• **Brief**:
Reproduce each line of the following material exactly, omitting the images.

• **Data provided**:
──────────

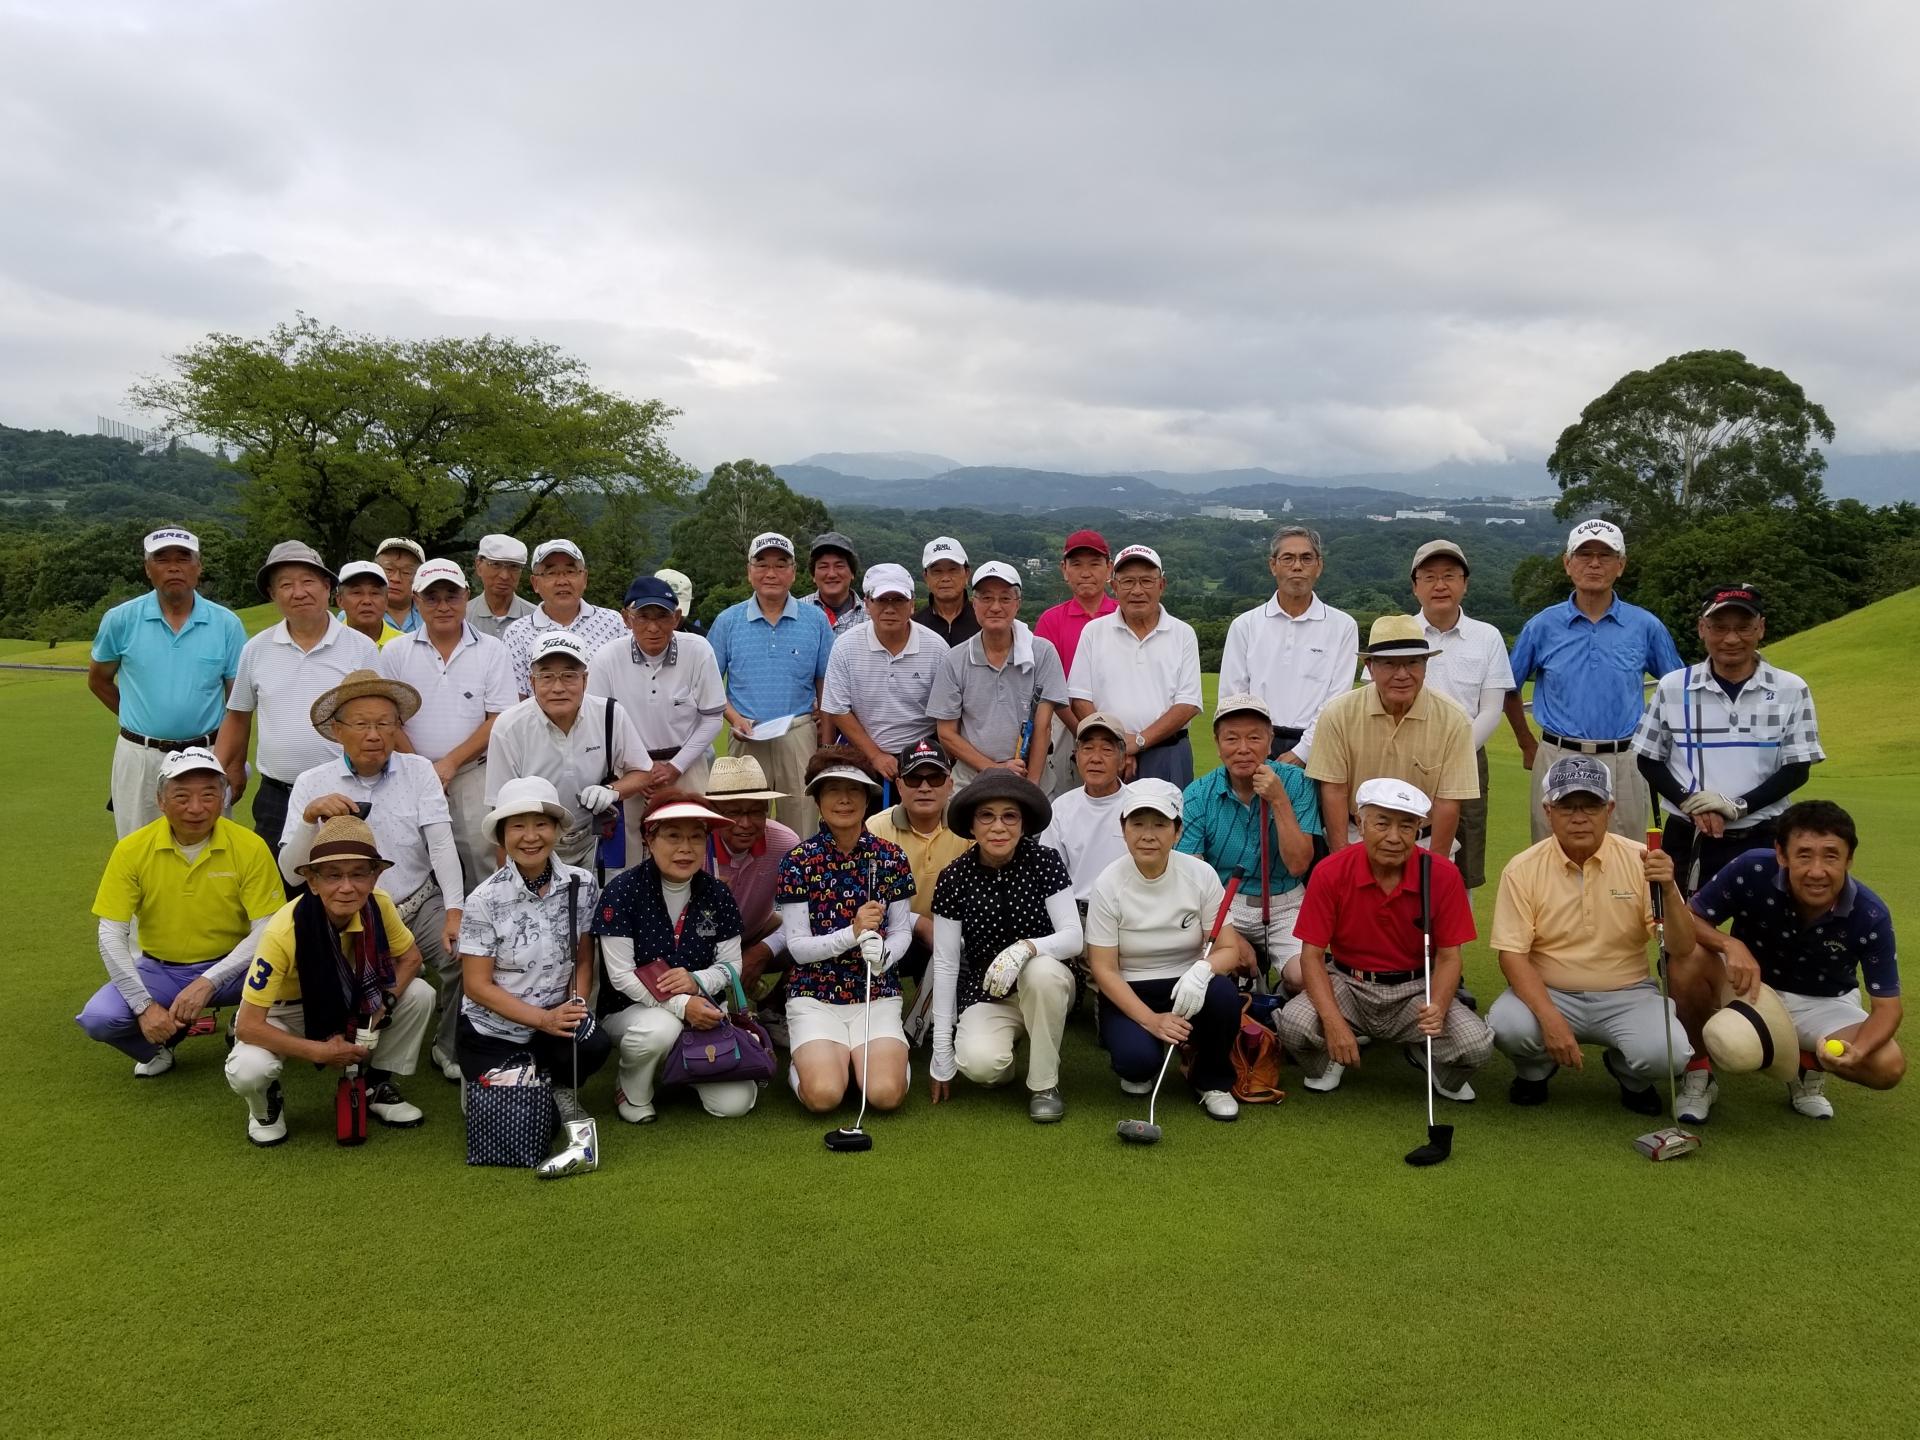 第283回 ゴルフガーデン星野会ゴルフコンペ
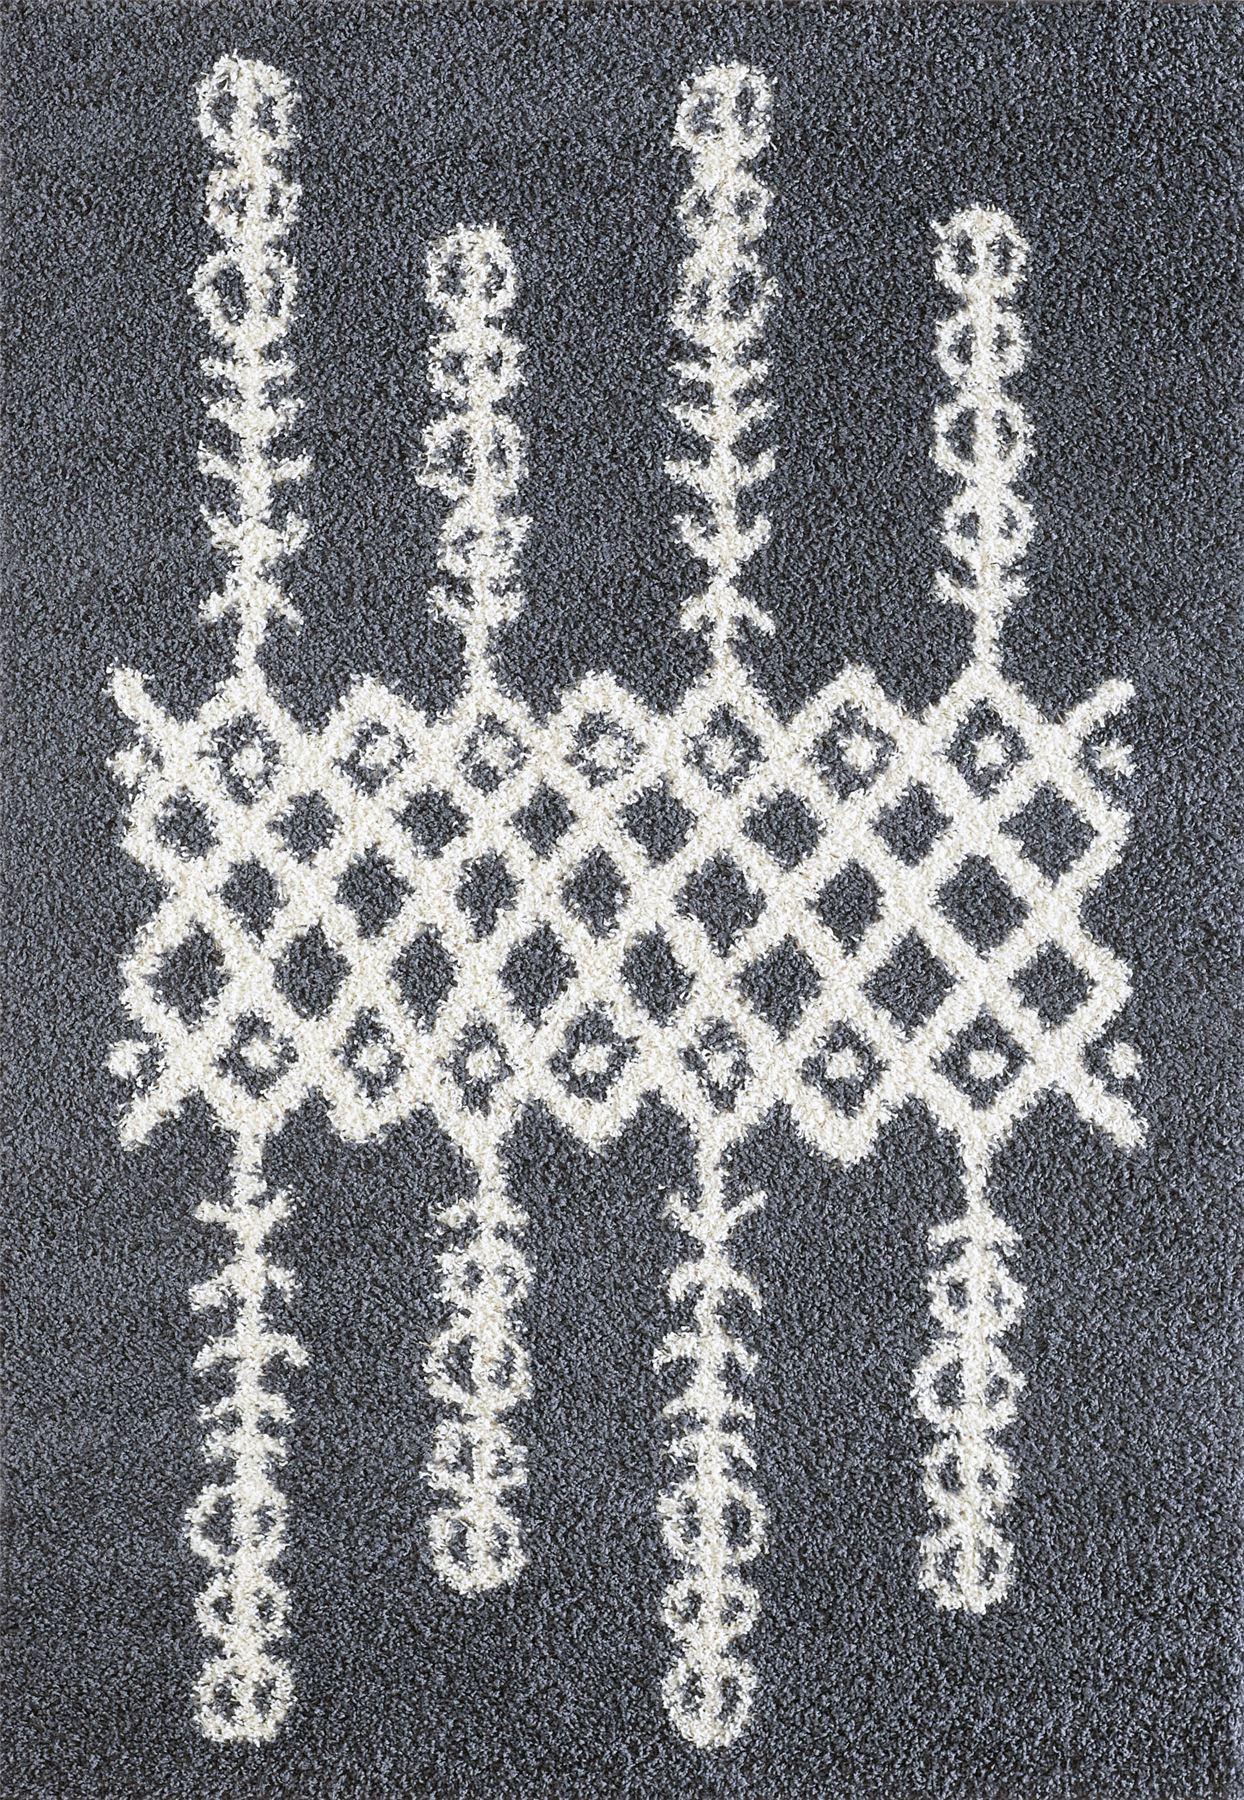 Tappeto-A2Z-Nero-Grigio-Avorio-tradizionale-marocchina-Shaggy-Berber-Boho-Tribal-3cm-Pile miniatura 12
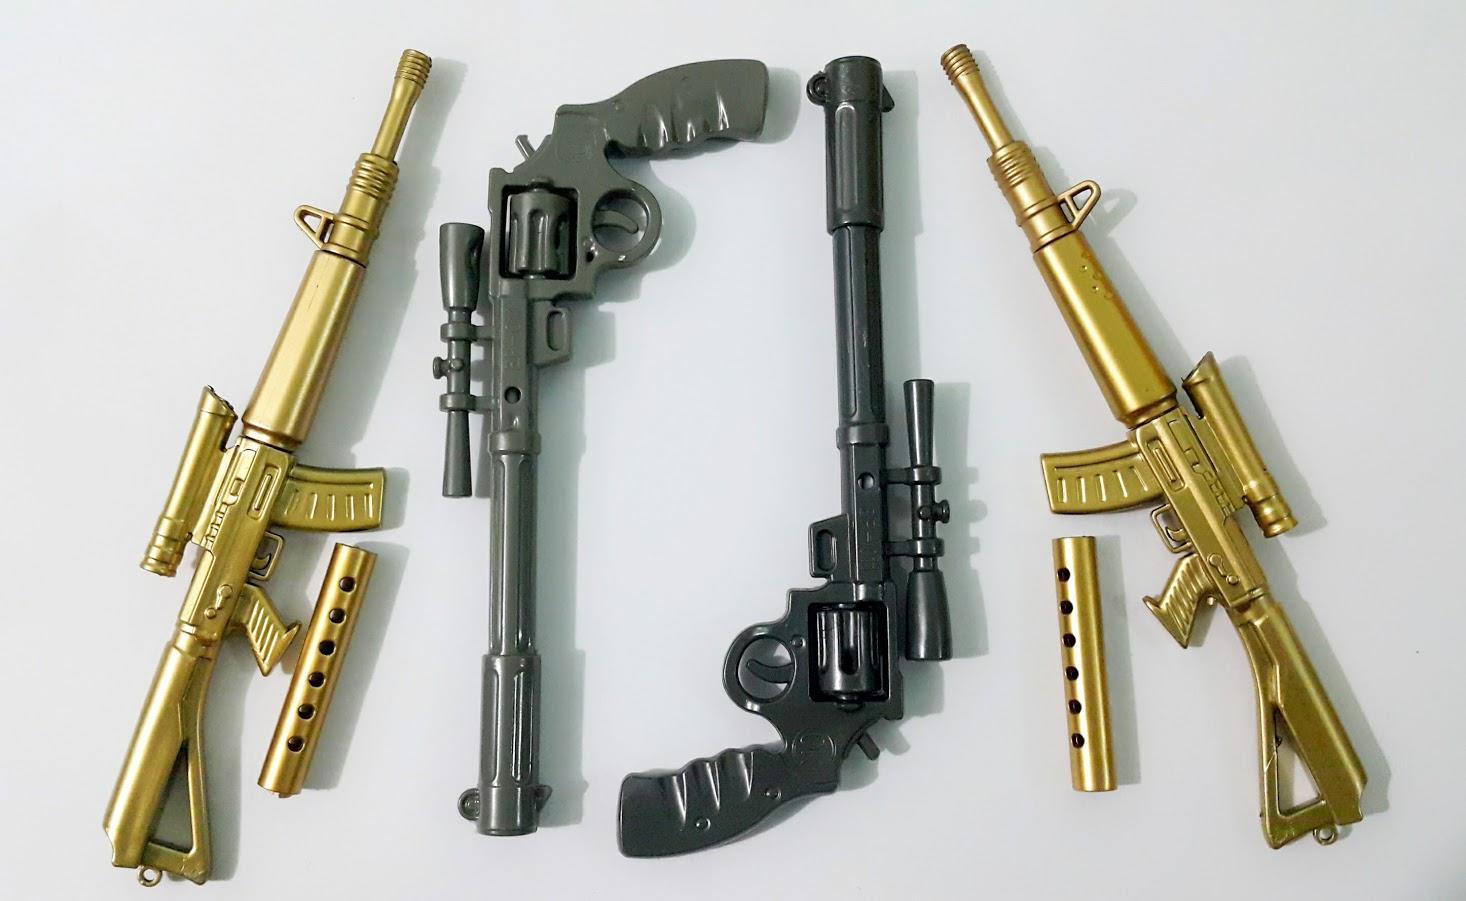 Mua Combo 4 cây bút viết hình vũ khí độc lạ

──────────

• **Response to the exercise**:
 第283回 ゴルフガーデン星野会ゴルフコンペ
 Tappeto-A2Z-Nero-Grigio-Avorio-tradizionale-marocchina-Shaggy-Berber-Boho-Tribal-3cm-Pile miniatura 12
 Mua Combo 4 cây bút viết hình vũ khí độc lạ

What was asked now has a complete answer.